From: "vincent" <vinny(at)xs4all(dot)nl>
To: pgsql-general(at)postgresql(dot)org
Subject: Re: Selecting K random rows - efficiently!
Date: 2007-10-30 09:08:03
Message-ID: 24973.84.107.170.210.1193735283.squirrel@webmail.xs4all.nl (view raw or flat)
Thread:
Lists: pgsql-general
> 2007/10/26, Patrick TJ McPhee <ptjm(at)interlog(dot)com>:
>> In article <ffnid8$1q2t$1(at)news(dot)hub(dot)org>, cluster  <skrald(at)amossen(dot)dk>
>> wrote:
>> % > How important is true randomness?
>> %
>> % The goal is an even distribution but currently I have not seen any way
>> % to produce any kind of random sampling efficiently. Notice the word
>>
>> How about generating the ctid randomly? You can get the number of pages
>> from pg_class and estimate the number of rows either using the number
>> of tuples in pg_class or just based on what you know about the data.
>> Then just generate two series of random numbers, one from 0 to the
>> number
>> of pages and the other from 1 to the number of rows per page, and keep
>> picking rows until you have enough numbers. Assuming there aren't too
>> many dead tuples and your estimates are good, this should retrieve n
>> rows
>> with roughly n look-ups.
>>
>> If your estimates are low, there will be tuples which can never be
>> selected,
>> and so far as I know, there's no way to construct a random ctid in a
>> stock
>> postgres database, but apart from that it seems like a good plan. If
>> efficiency is important, you could create a C function which returns a
>> series of random tids and join on that.
>> --
>>
>
> SELECT id, ...
>    FROM data
>   WHERE id = ANY(ARRAY(
>                        SELECT (random()*max_id)::int
>                           FROM generate_series(1,20)))
>   LIMIT 1;
>
> -- max_id is external constant
>
> Pavel Stehule

That selects records where the id is one of twenty random numbers between
zero and the maximum id.

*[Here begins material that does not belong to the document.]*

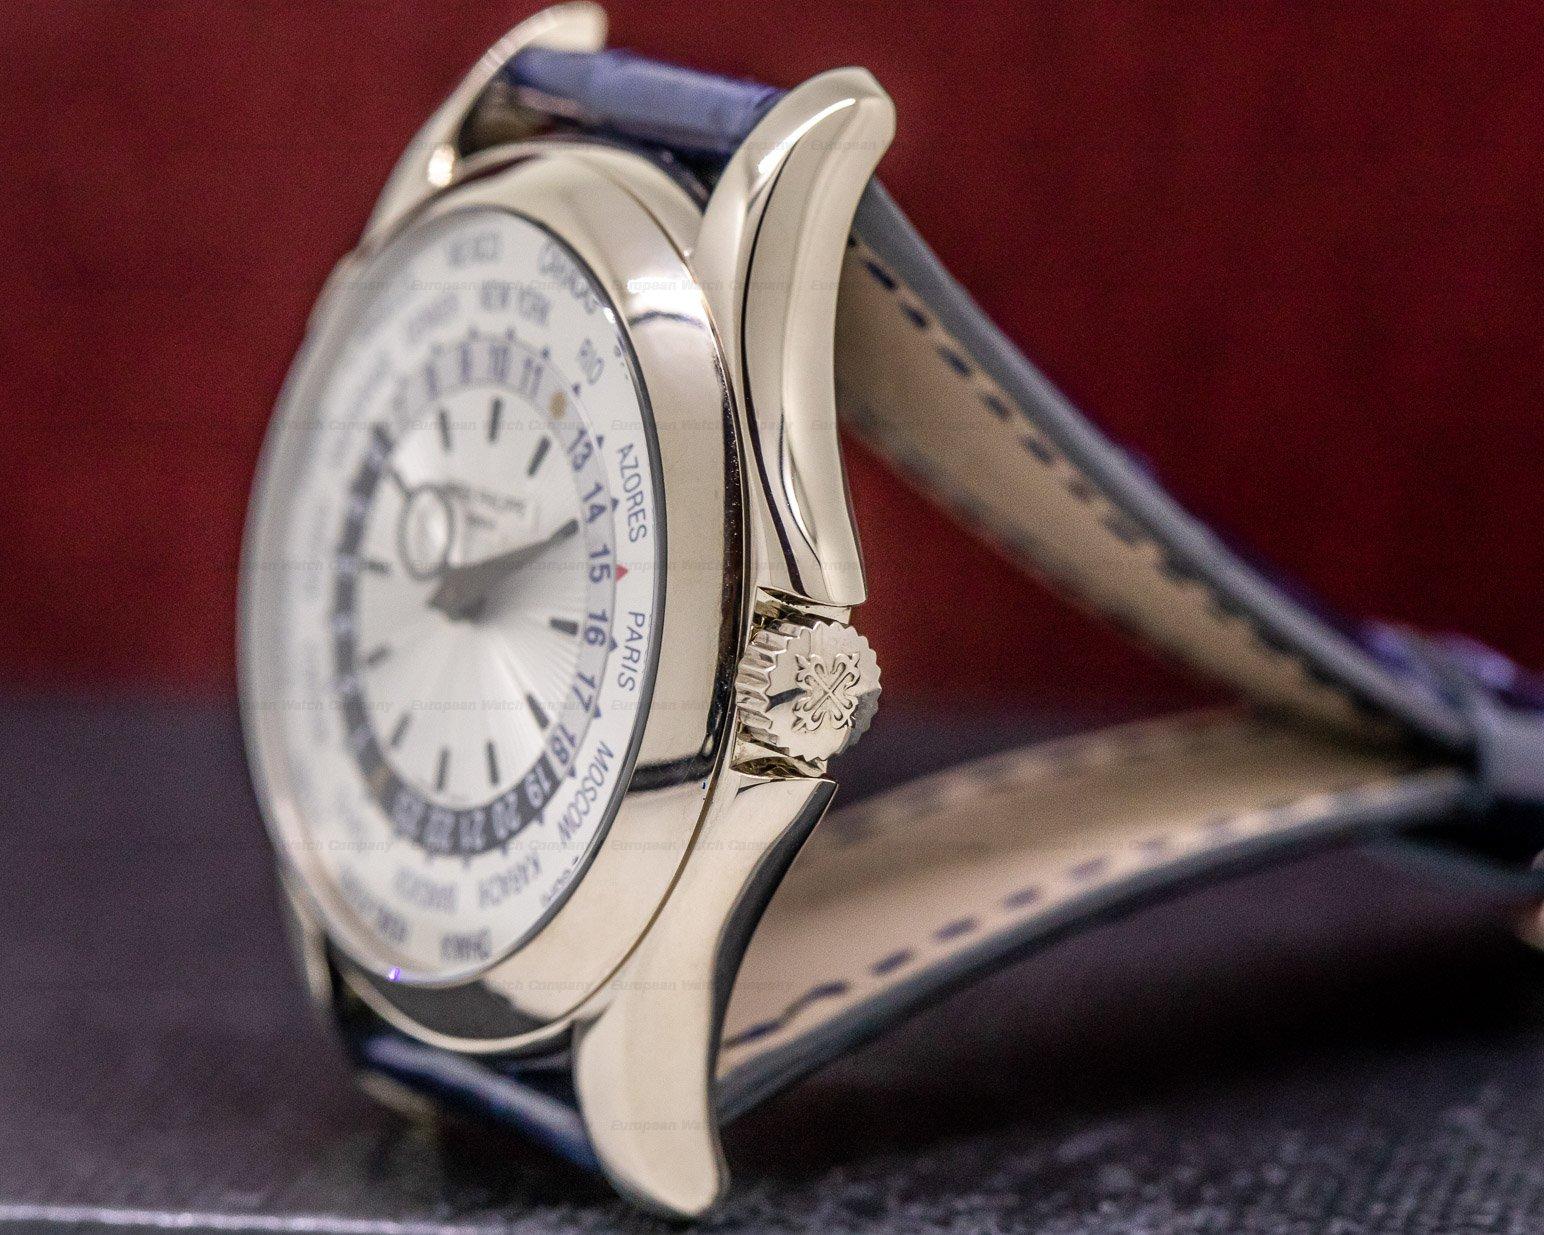 Patek Philippe 5130G-001 World Time 18K White Gold Silver Dial

That's not truely random, nor is it completely
safe if there are lots of gaps in the values of id. For example, if the
lowest id  is 50000 and the highest is 50040, this will be very likely to
generate lots of numbers below 50000 and find no records at all.


Responses

pgsql-general by date

Next:From: Alexis BeuraudDate: 2007-10-30 10:07:45
Subject: Checking empty array
Previous:From: Pavel StehuleDate: 2007-10-30 08:52:21
Subject: Re: Selecting K random rows - efficiently!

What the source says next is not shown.